━━━━━ RECORDS PROVIDED ━━━━━
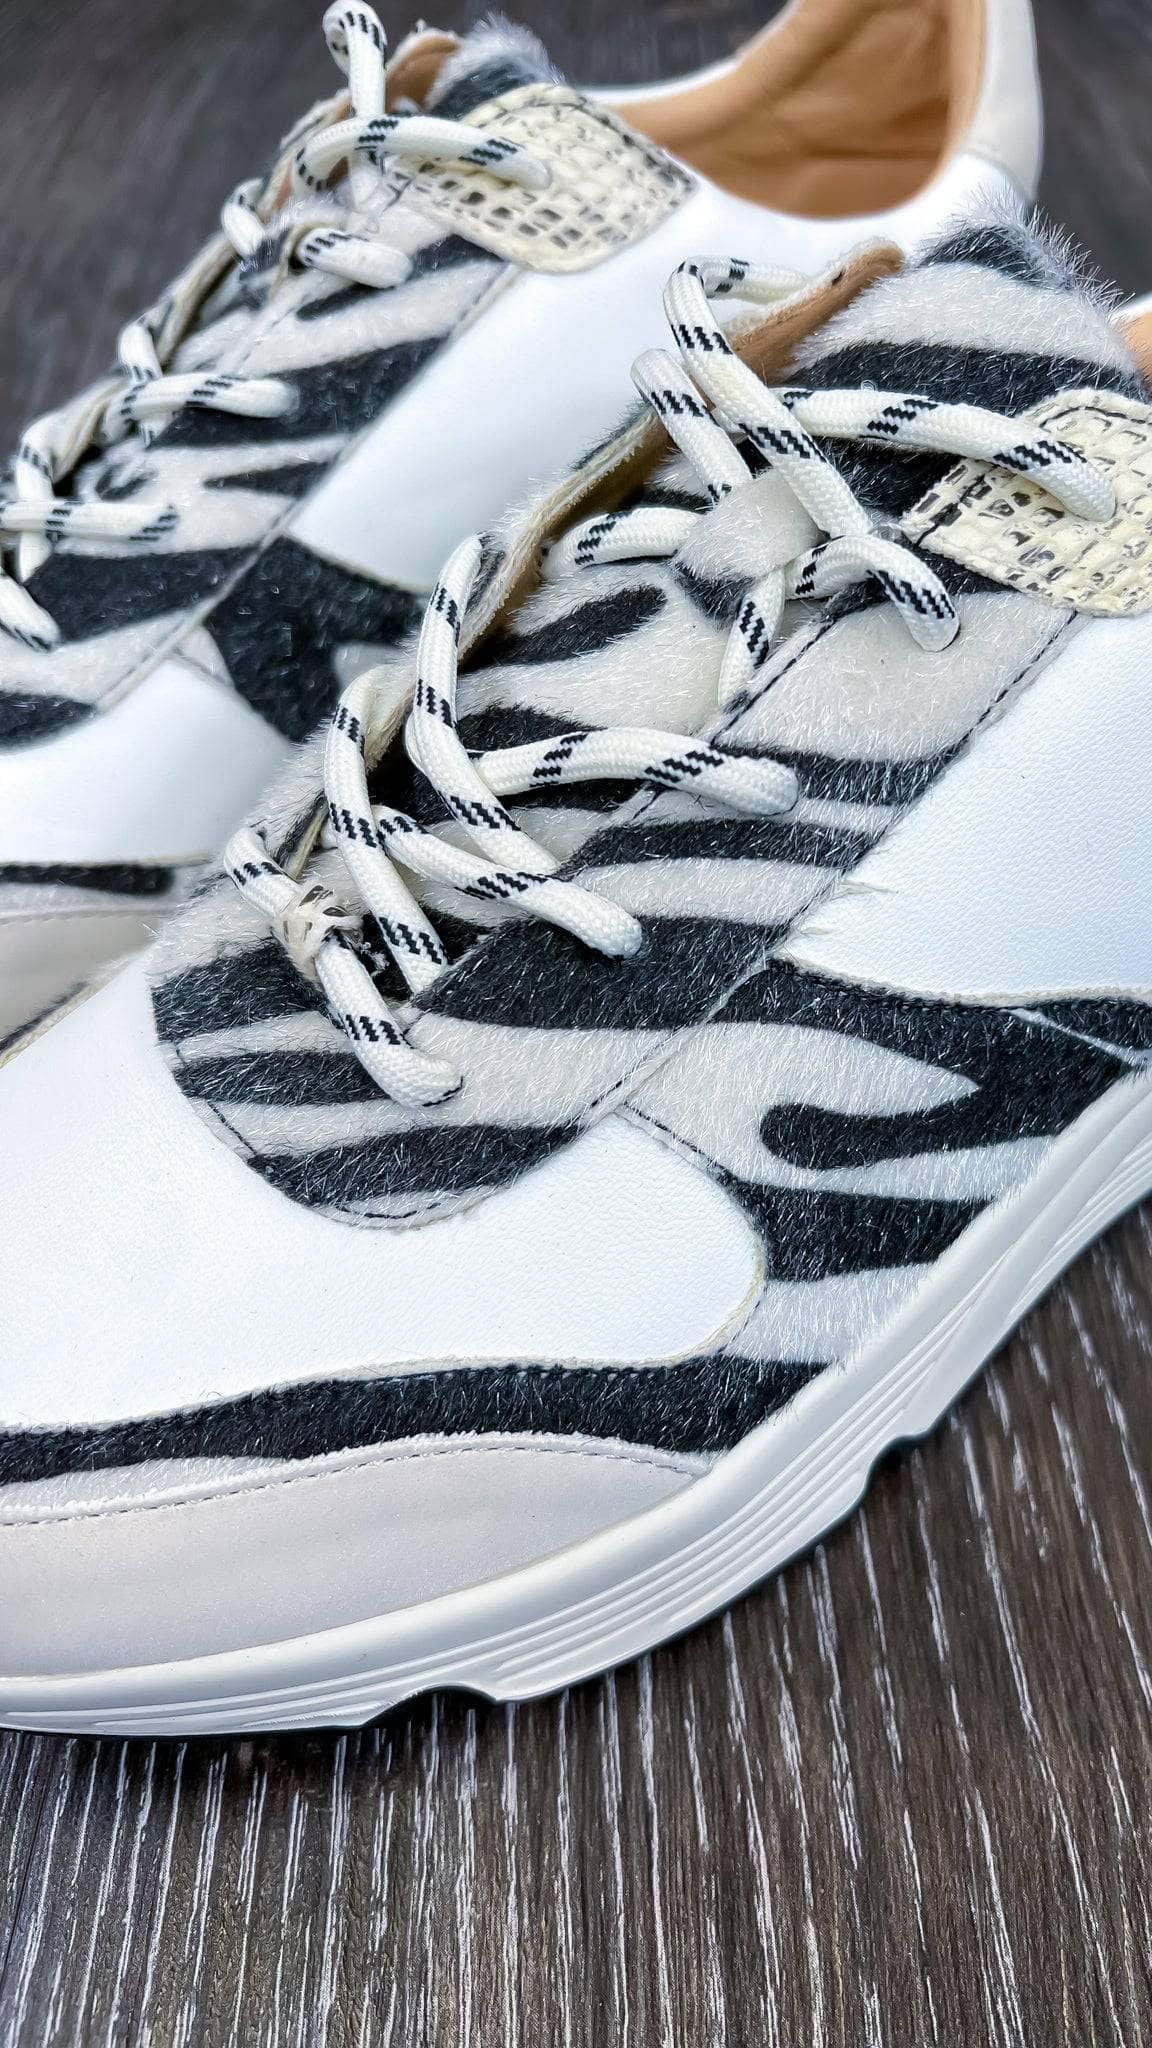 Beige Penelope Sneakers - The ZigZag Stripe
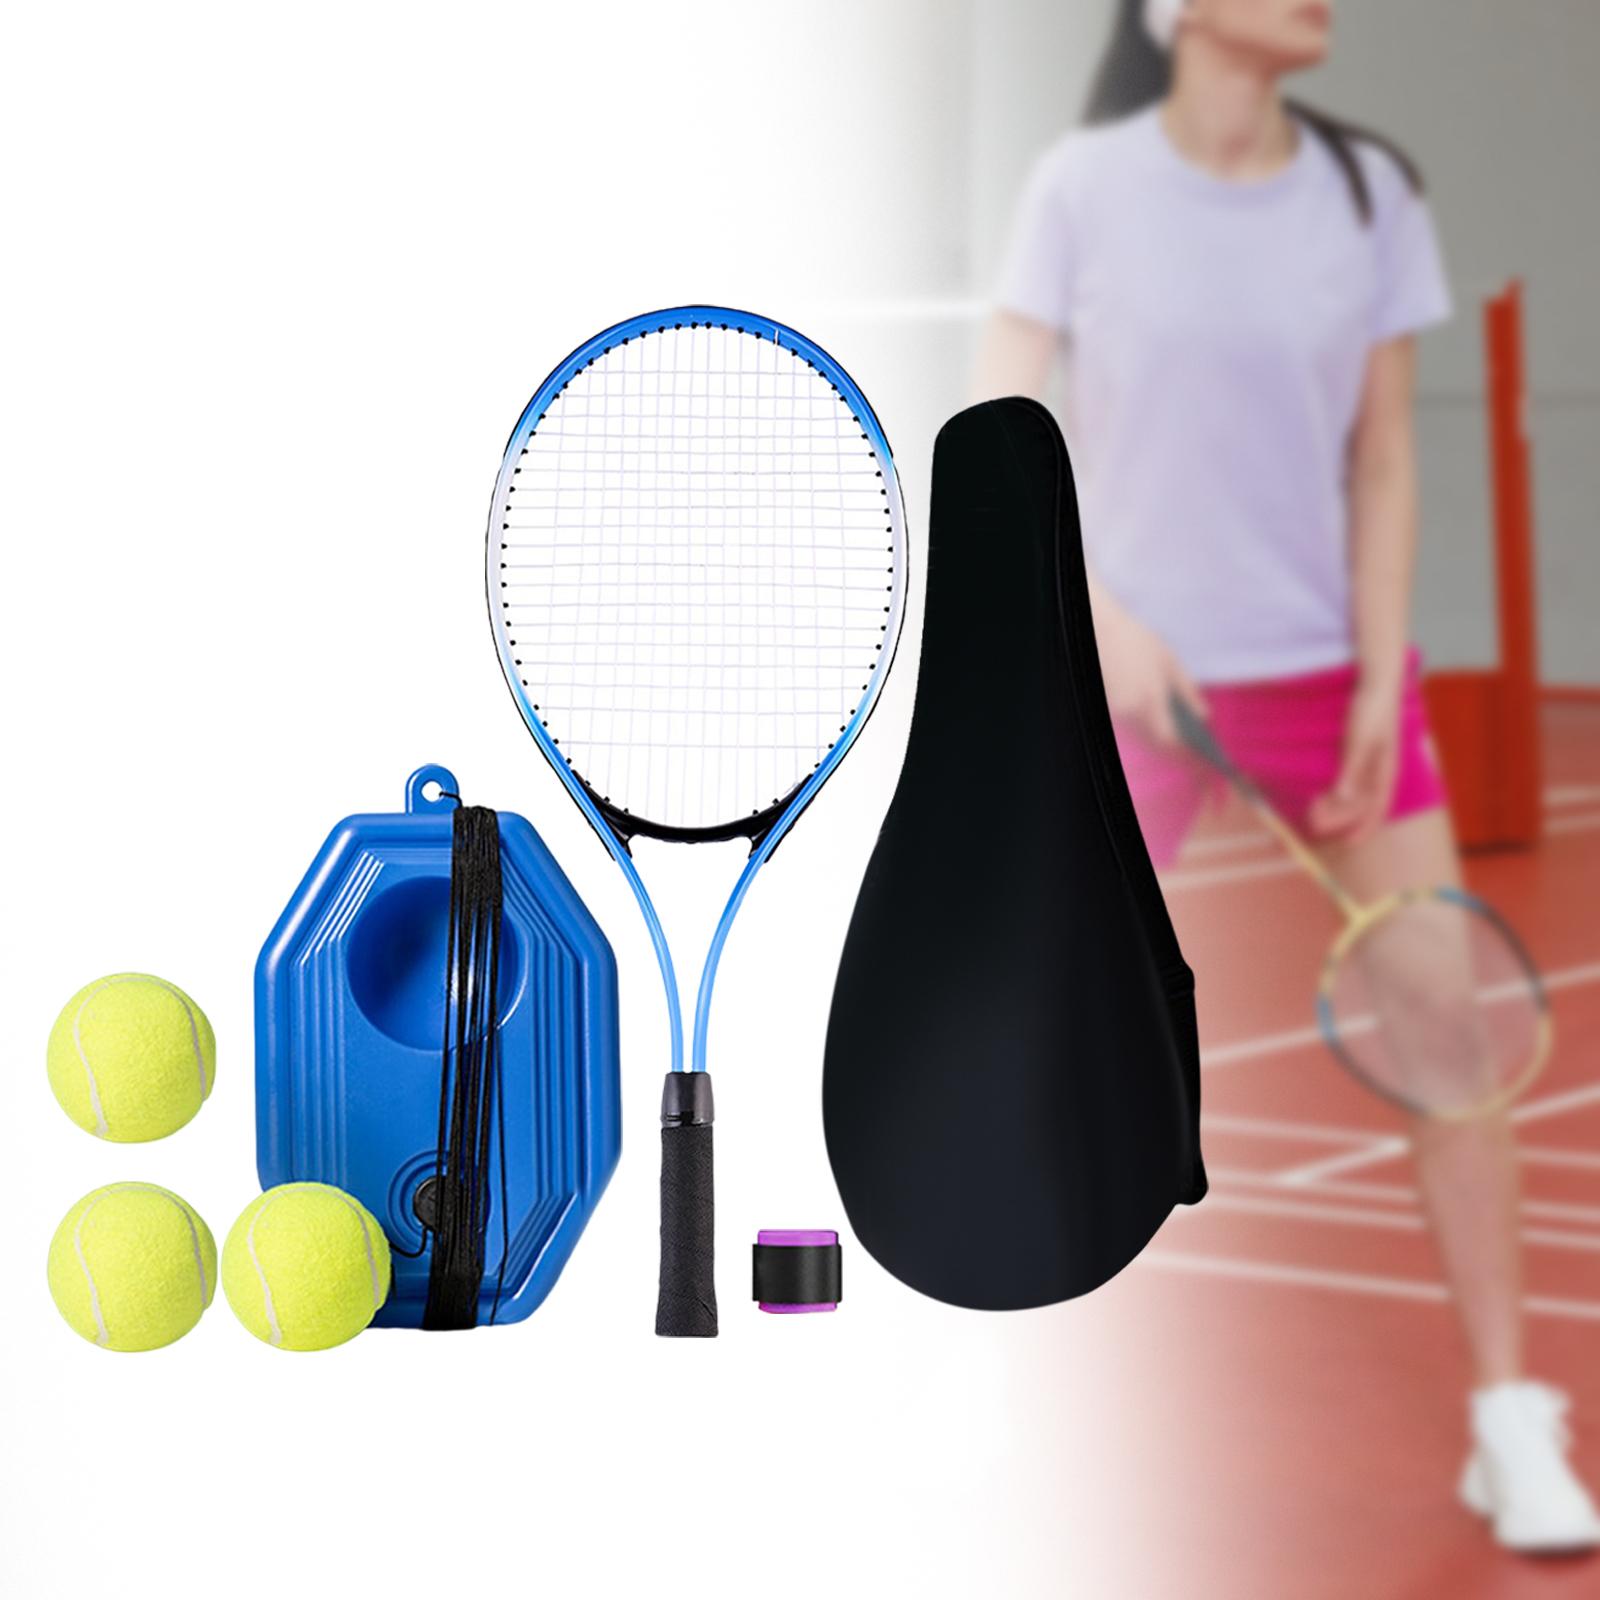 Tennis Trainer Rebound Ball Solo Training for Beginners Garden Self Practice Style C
━━━━━
━━━━━ RECORDS PROVIDED ━━━━━
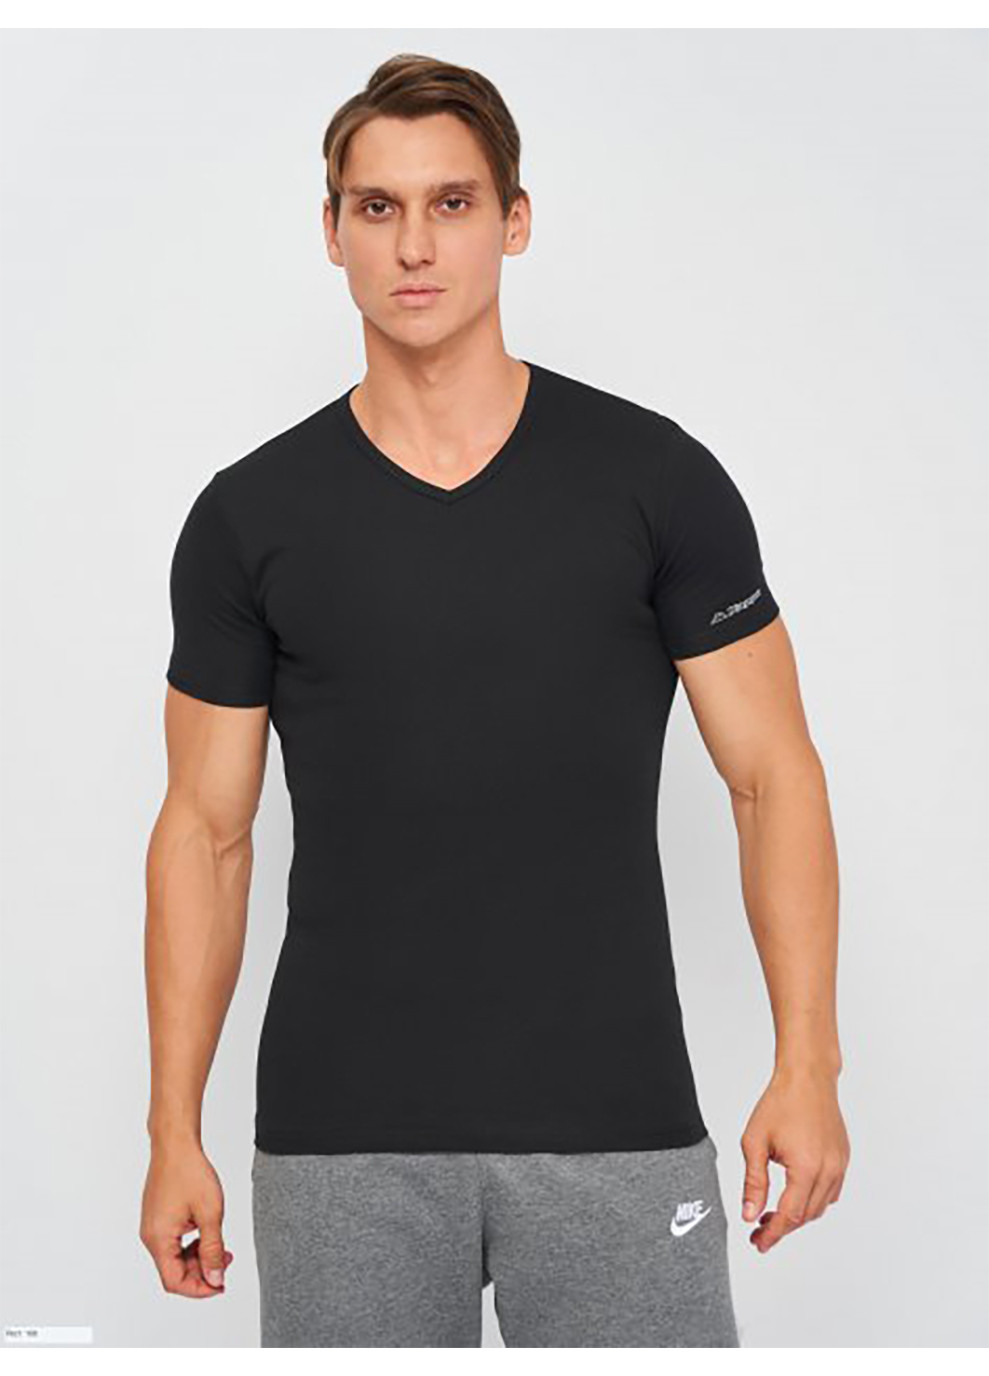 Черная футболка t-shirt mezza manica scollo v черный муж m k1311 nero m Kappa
━━━━━
Beginning with the line above that contains "Beige Penelope Sneakers - The ZigZag Stripe" and ending with the line that contains "Tennis Trainer Rebound", quote each line exactly, keeping out the pictures.

### [OUTPUT BELOW]
 Beige Penelope Sneakers - The ZigZag Stripe
 Tennis Trainer Rebound Ball Solo Training for Beginners Garden Self Practice Style C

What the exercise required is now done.